Of course they were wrong 10 out of ten years. The nine years show their bias.
But the forecasts for 2035,2050 and 2100 are accurate. We are facing tax rates based on their accuracy. It tells me 2 things. They have bias and admit it. Fudging data will skew the models. Just stop cheating and changing the numbers and then try to do a prediction. It may get a little better.
Steven, your random number generator is garbage.
Of course Meir is right about the coin flips. It’s amazing that some posters seemed to think otherwise. Is it an “appropriate” analogy for GCM’s? That’s debatable. Analogies usually aren’t perfect.
I prefer the stock market analogy. I would have much more confidence in a forecasted rise in the Dow for 50- year period than a 1-year period. Why? Because I have observed the market has fluctuated a lot from year to year, but has risen over the long term. Average global temperature, like the stock market, fluctuates from year to year but has been rising over the long term.
So to avoid the accumulation of errors in climate models, you avoid iteration and for every forecast you calculate out for x amount of time from the same base year. Using your verified set of equations that only require the starting conditions and time elapsed, most likely.

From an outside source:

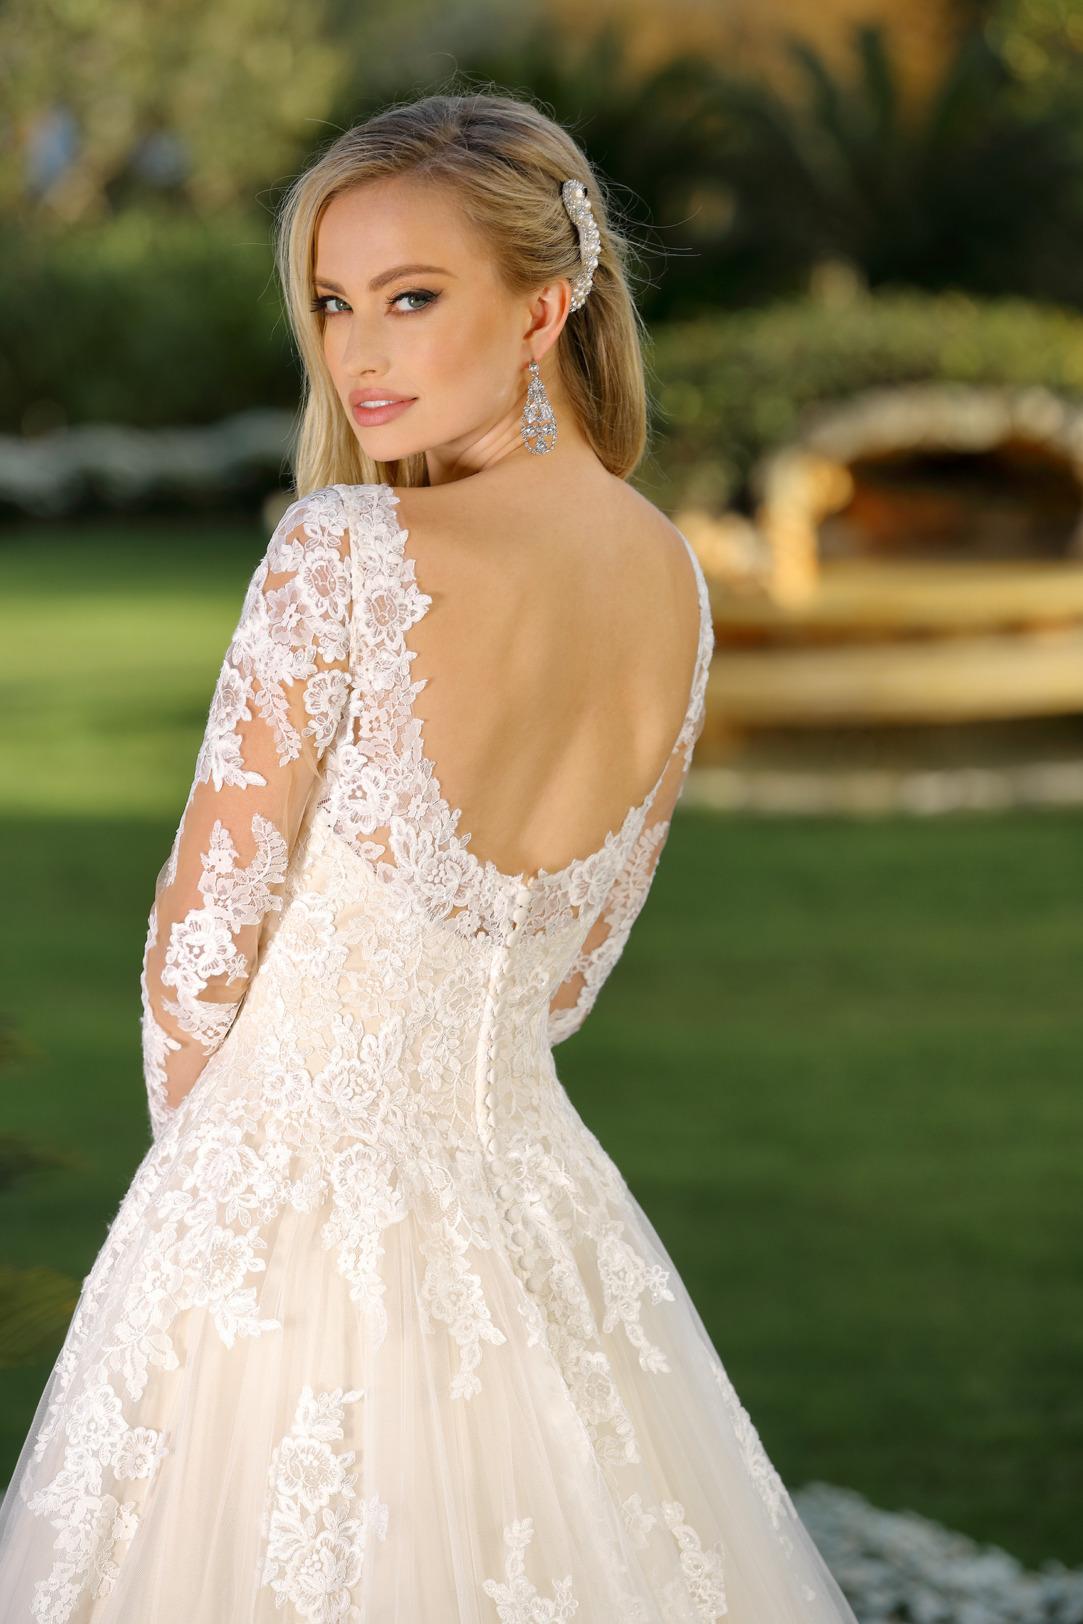 Brautkleid Hochzeitskleid im Prinzessinnen Stil von Ladybird Modell 421067 mit großem V Ausschnitt und langem Arm mit feinsten Spitzen Applikationen all over und weitem Tüll Rock Rückenansicht

Someone let me know if and when they can do that.
Tom_R (12:39:09) :
It is interesting how bad the Visual Studio rand() function is. I often use the KISS RN generator at work.
http://www.fortran.com/kiss.f90
The random number generator used in the coin toss trials above is obviously not very random. The dots have an almost mirror image on each side. The dots should be much more randomly distributed, though probably in something like a bell curve. Many programming languages have very poor random number generators. Even good random number generators often can’t even come close to ideal behavior. For example if a random number generator is asked to return a random number in a range, it is often the case that the generator is only capable of returning an extremely small portion of the possible numbers in the range before it starts to return the same sequence of numbers again. The Wikipedia article on this subject is interesting.
REPLY: See the updated run, refresh the page.
Wren (12:41:26) :
Your argument boils down to “temperatures are rising.” In that case, a simple extrapolation is more valuable than $500 million supercomputer GCM simulation.
http://docs.google.com/View?id=ddw82wws_5998xrxhzhc
According to the long term GISS trend, temperatures will rise about 0.6C by the end of the century.